Gerar dentes a partir de células-tronco: pesquisas animadoras mostram que este caminho é viável

Le Monde
Paul Benkimoun
O pequeno camundongo poderia muito bem nos ajudar a recuperar nossos dentes. Com efeito, as pesquisas experimentais de engenharia tecidual (relativa aos tecidos biológicos, "agregados de células") que vêm sendo conduzidas com os roedores permitem pensar que seria possível, no futuro, construir ou de reconstruir dentes funcionais. Esta é a conclusão que foi ressaltada nas comunicações apresentadas, na segunda-feira (15), por ocasião da jornada dedicada às "células-tronco da polpa dentária", organizada pelo Instituto Francês para a Pesquisa Odontológica (cuja sigla em francês é IFRO).

Há vários anos, as células-tronco despontam como uma ferramenta privilegiada da medicina regeneradora. Quer elas sejam embrionárias ou adultas, quer elas sejam re-programadas a partir do estágio adulto de modo a recuperar capacidades análogas às células-tronco embrionárias, elas oferecem aos pesquisadores a perspectiva de poderem dispor novamente de tipos celulares das mais diversas qualidades.

A possibilidade de se reconstruir um dente adulto que foi destruído, por completo ou parcialmente, é uma perspectiva que, daqui para frente, passa a ser considerada seriamente, conforme demonstraram os estudos já efetuados por meio de testes com camundongos. Entretanto, um projeto desta natureza permanece um desafio, por causa da complexidade deste órgão. Com efeito, um dente é constituído por diferentes componentes de naturezas variadas, que são organizados em função de uma disposição precisa. Ele é formado por um corpo mineral, a dentina, envolto por uma coroa de esmalte, e que engloba uma parte da polpa dentária, na qual se encontram os vasos sangüíneos e os nervos. A raiz é encoberta pelo cimento. A sua implantação dentro de um alvéolo do maxilar é garantida por um ligamento alvéolo-dentário.

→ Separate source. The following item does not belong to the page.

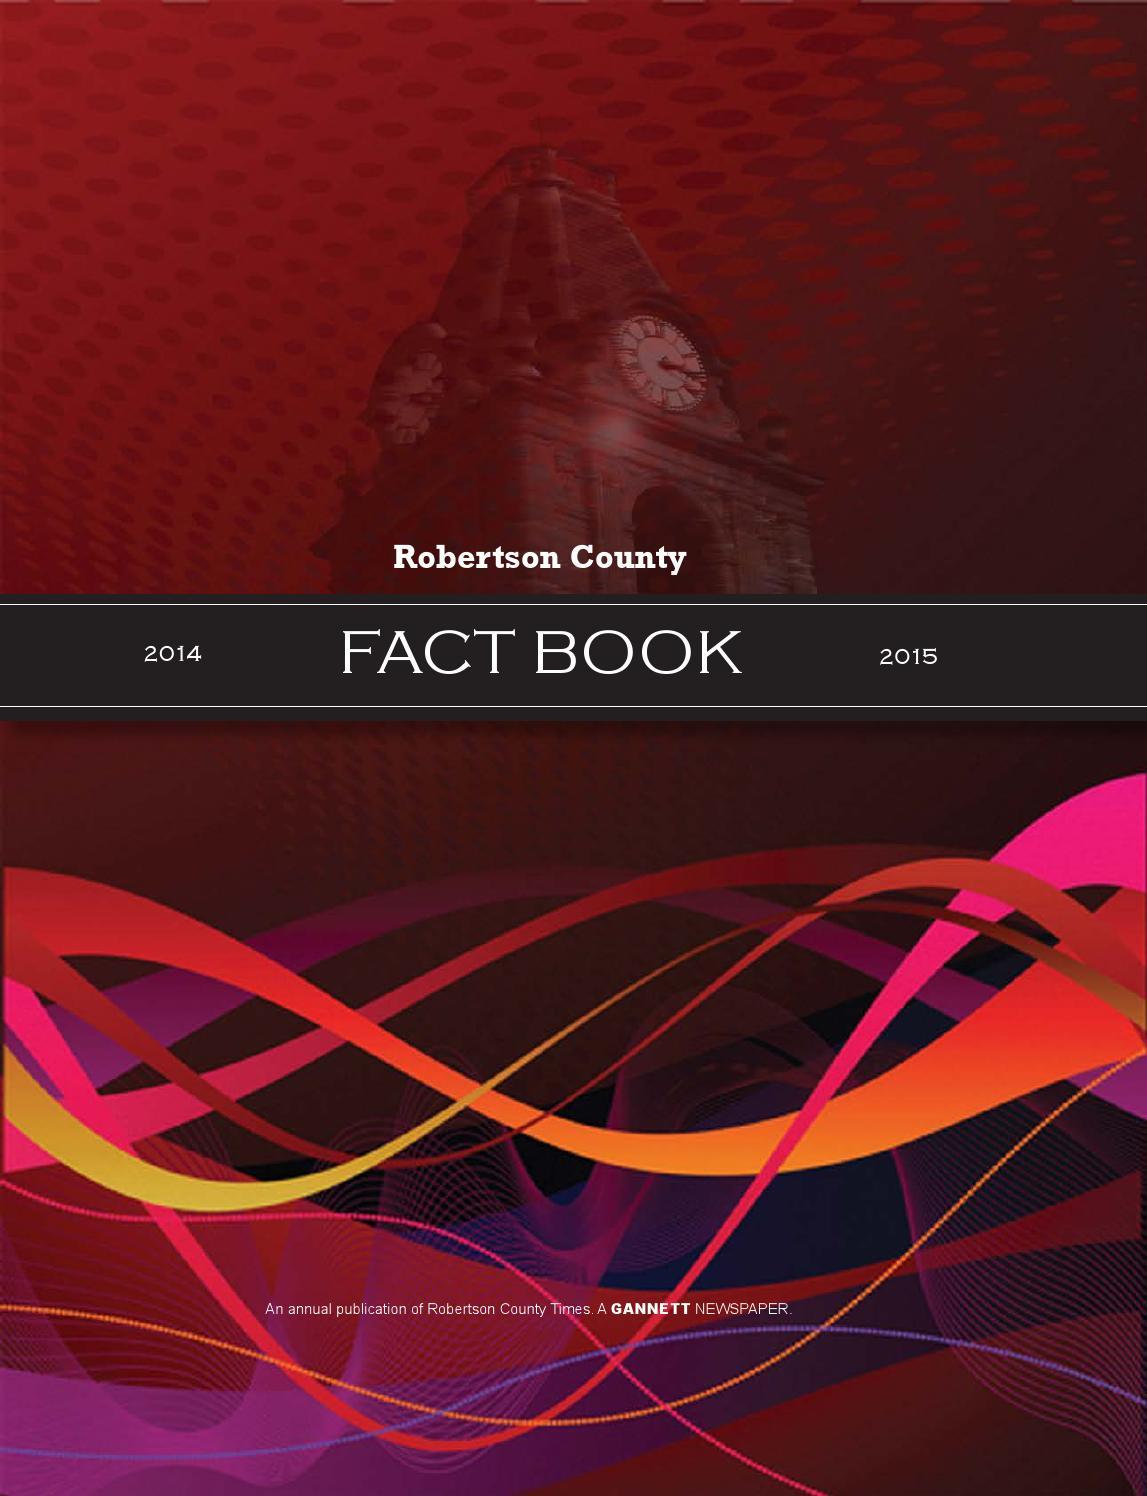 Pleasant Robertson County 2014 15 Fact Book By Tnmedia Issuu Evergreenethics Interior Chair Design Evergreenethicsorg

A tudo isso deve ser acrescentada a necessidade de que o dente reconstruído tenha uma forma, um tamanho, uma cor, e que ele apresente possibilidades funcionais equivalentes àquelas de um dente original. Portanto, os desafios que precisam ser enfrentados são numerosos, mas as pesquisas já realizadas neste campo são animadoras, seja quando se trata de gerar dentes, seja quando a meta é de gerar tecidos de polpa dentária, conforme lembrou Michel Goldberg (da Universidade Paris-Descartes), o presidente do conselho de administração do IFRO.

O professor Henry Magloire (do CNRS e do Inserm, as duas principais entidades de pesquisas científicas francesas), da Universidade de Lyon, apresentou as técnicas de engenharia tecidual que utilizam as células-tronco no processo visando a obter um "dente biológico". Dependendo da sua origem, as células-tronco adultas podem gerar certos tipos de linhagens celulares. As células-tronco epiteliais (que provêm do epitélio, a parte mais superficial do tecido da gengiva) são capazes de se diferenciarem em células que fabricam esmalte, as quais são células que desaparecem do organismo do ser humano uma vez que o dente completou seu ciclo de formação. Por sua vez, as células mesenquimais (relativas a um tecido conjuntivo comum e indiferenciado, encontrado em diversas partes do organismo) estão na origem dos outras componentes do dente.

Consertar uma lesão

Diversas estratégias vêm sendo estudadas e, no futuro, deverão ser objetos de experimentação em humanos. Conforme resume Michel Goldberg, "algumas delas consistem em implantar células-tronco na polpa dentária, de modo a se consertar uma lesão do dente. Uma outra abordagem consiste em recorrer a moléculas, por exemplo, aquelas das proteínas do esmalte que, uma vez introduzidas na matriz do dente, recrutariam as células-tronco que nele estão naturalmente presentes, o que deverá resultar numa reconstituição do dente lesado". Serão necessários vários anos de pesquisas até que essas estratégias venham a ultrapassar o estágio da experimentação.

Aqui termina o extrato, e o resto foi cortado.